=== Work required ===
Return all of the data verbatim, dropping any picture.

*** Opening Data extract ***

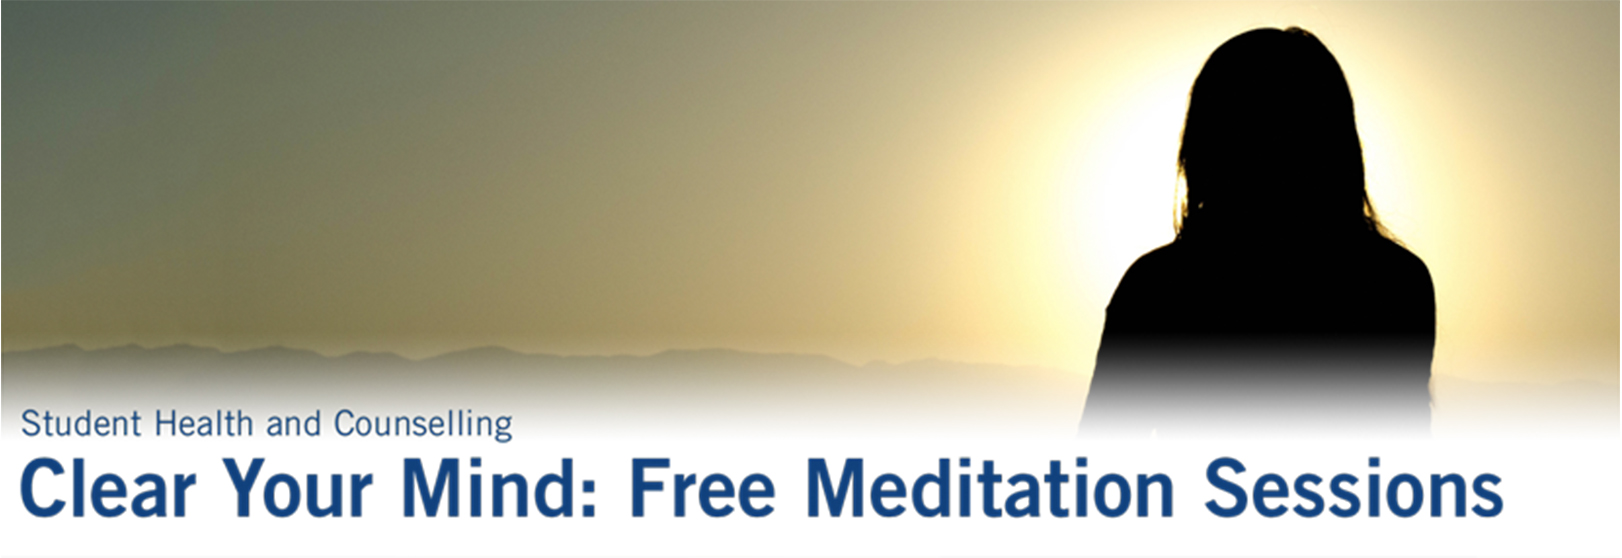 Free meditation sessions
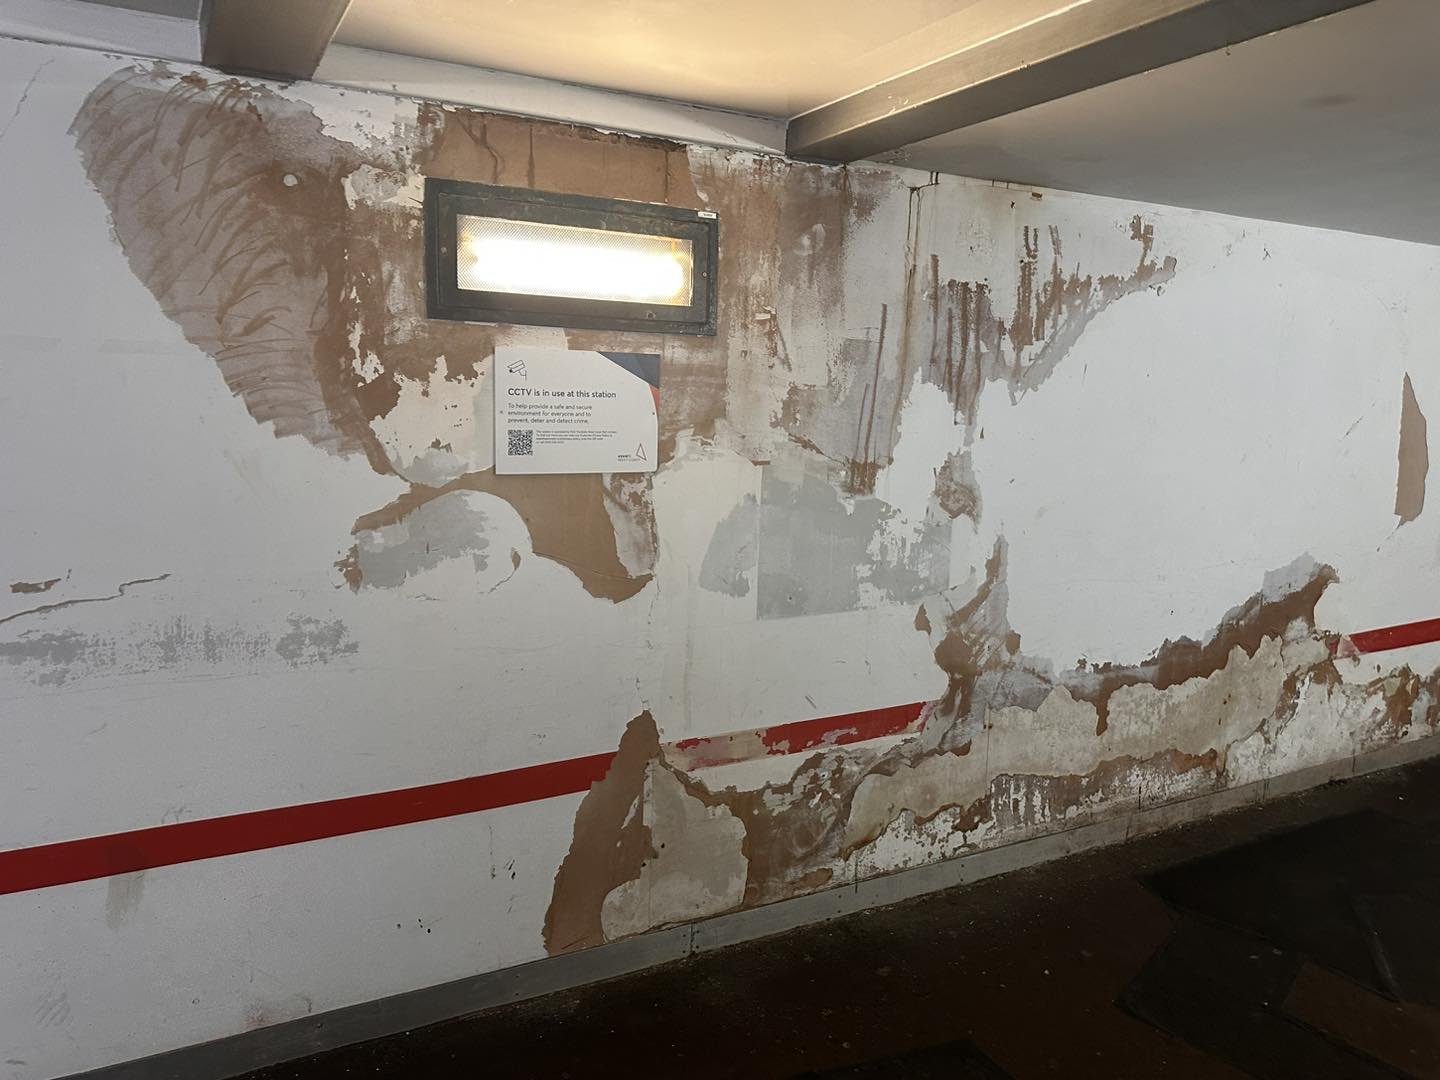    Damaged, peeling walls at Stockport station  . 
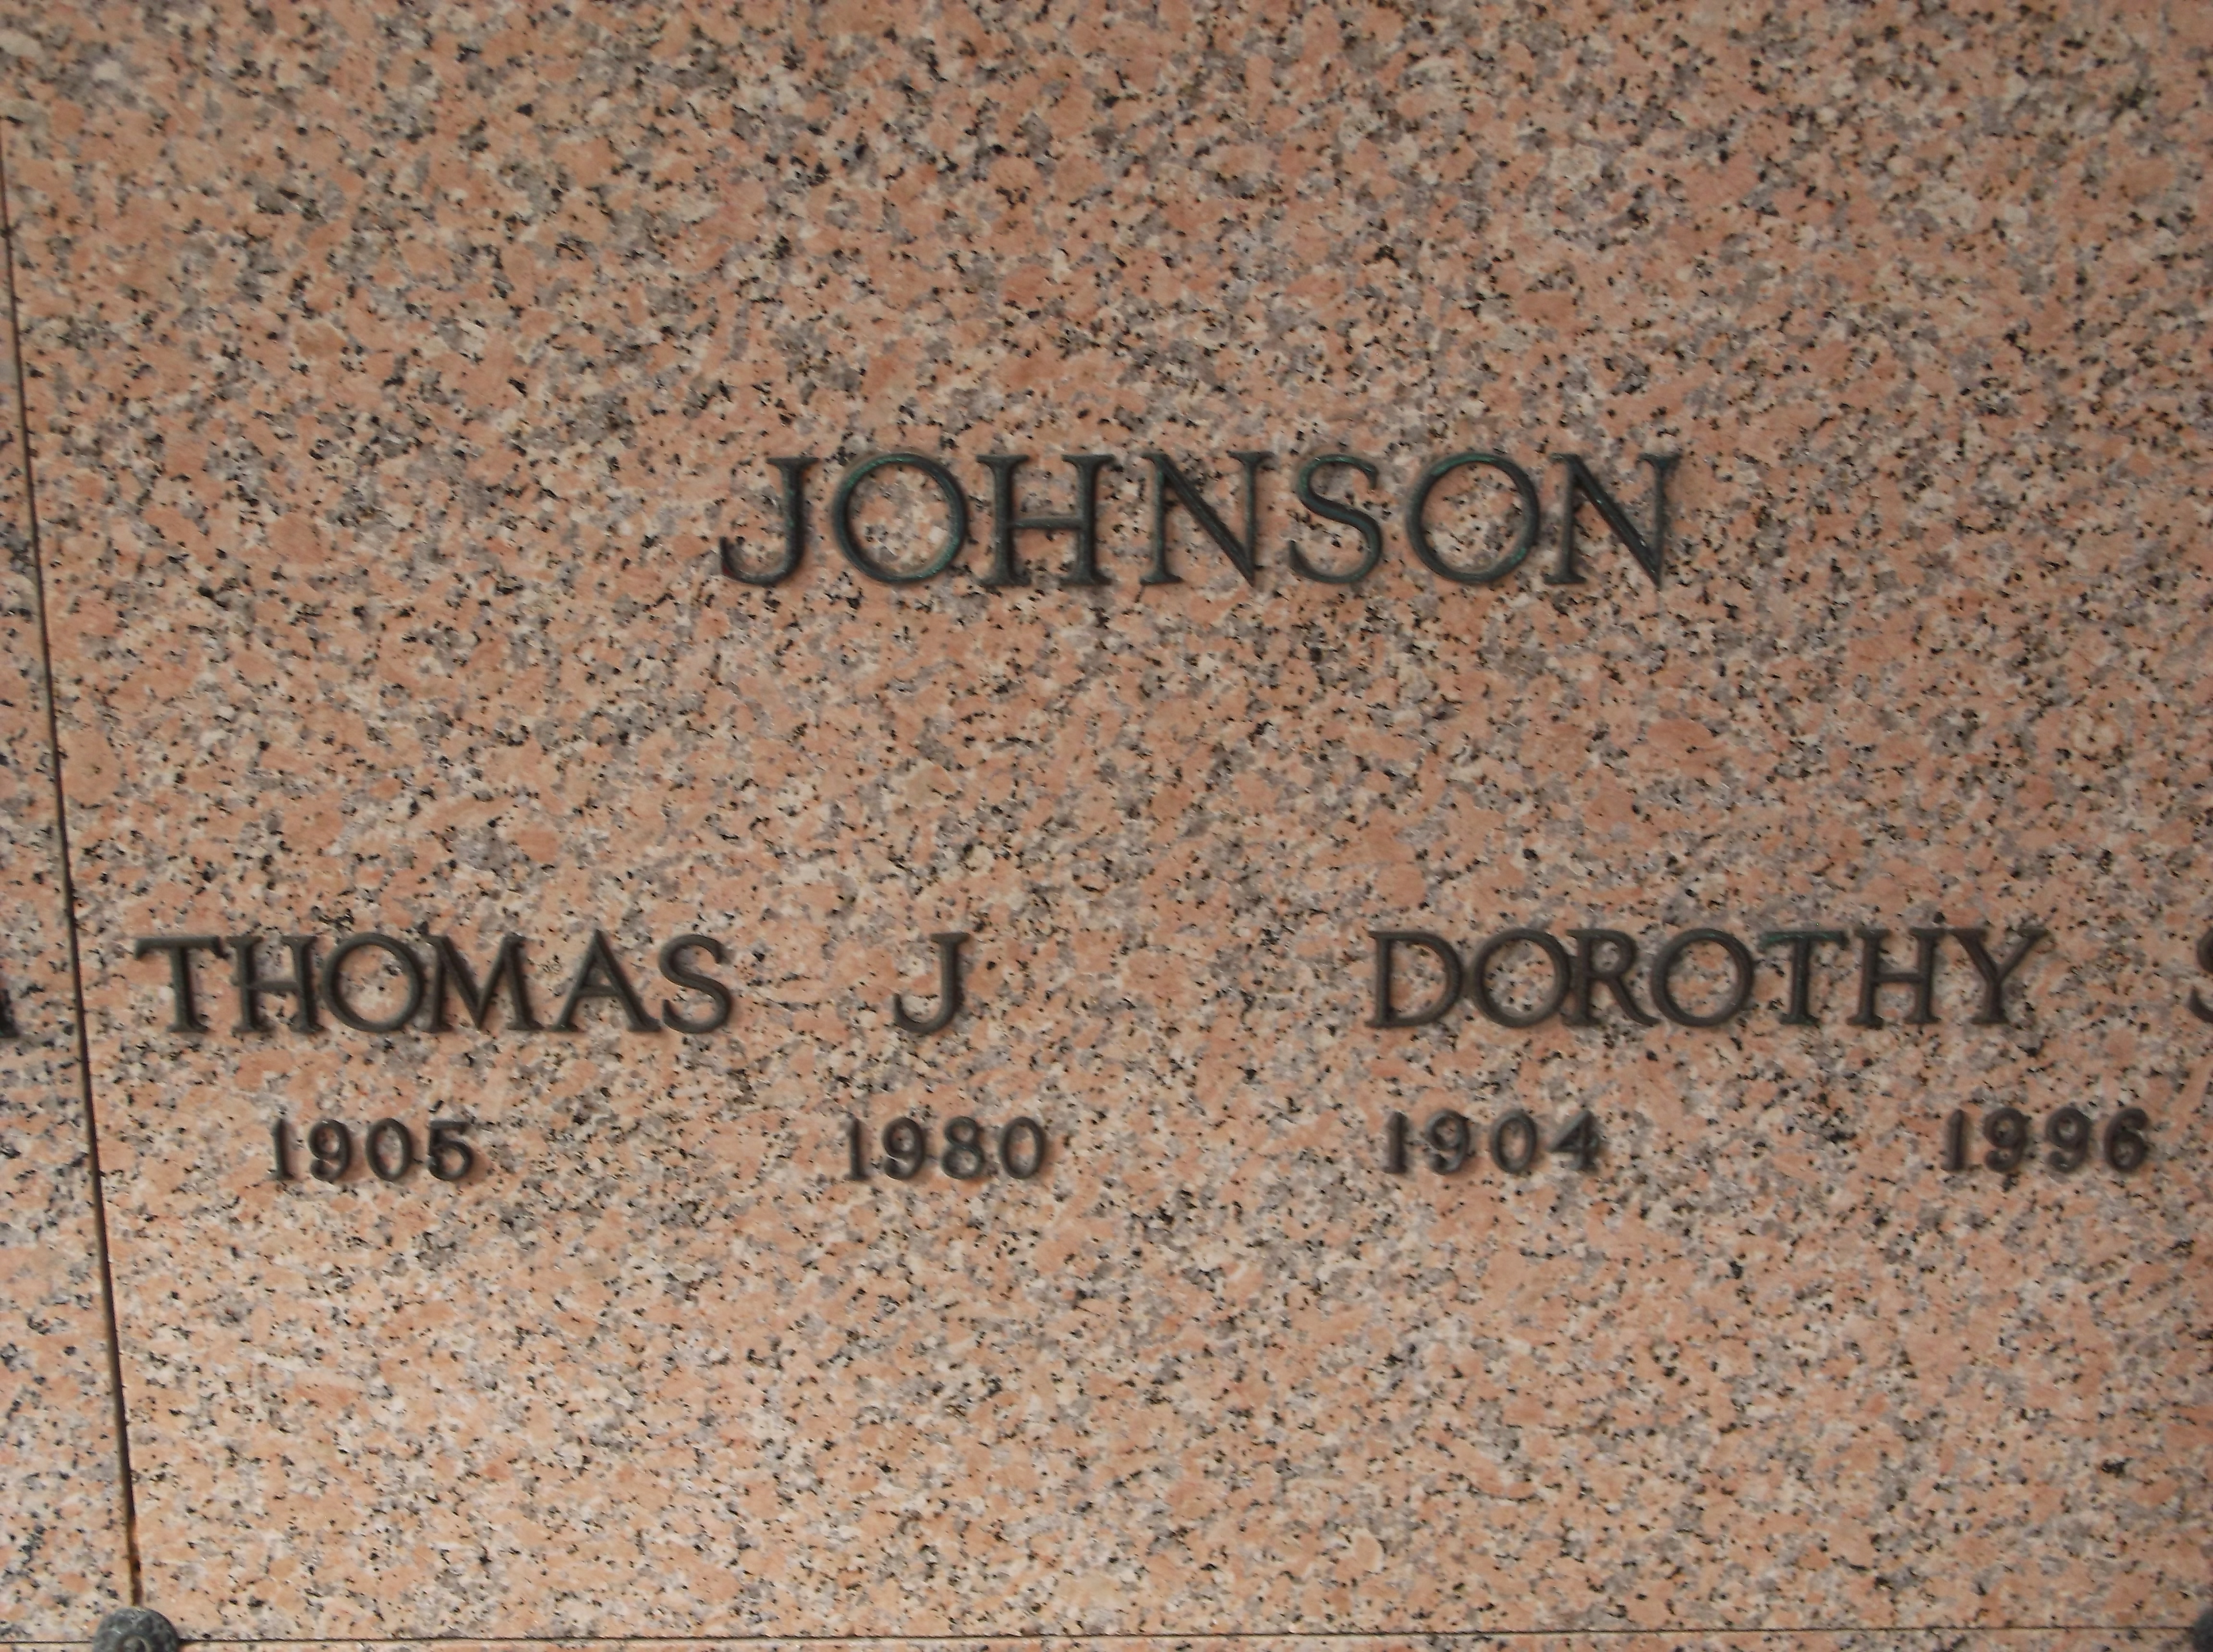 Thomas J Johnson

*** Closing Data extract ***

=== Result ===
 Free meditation sessions
    Damaged, peeling walls at Stockport station  . 
 Thomas J Johnson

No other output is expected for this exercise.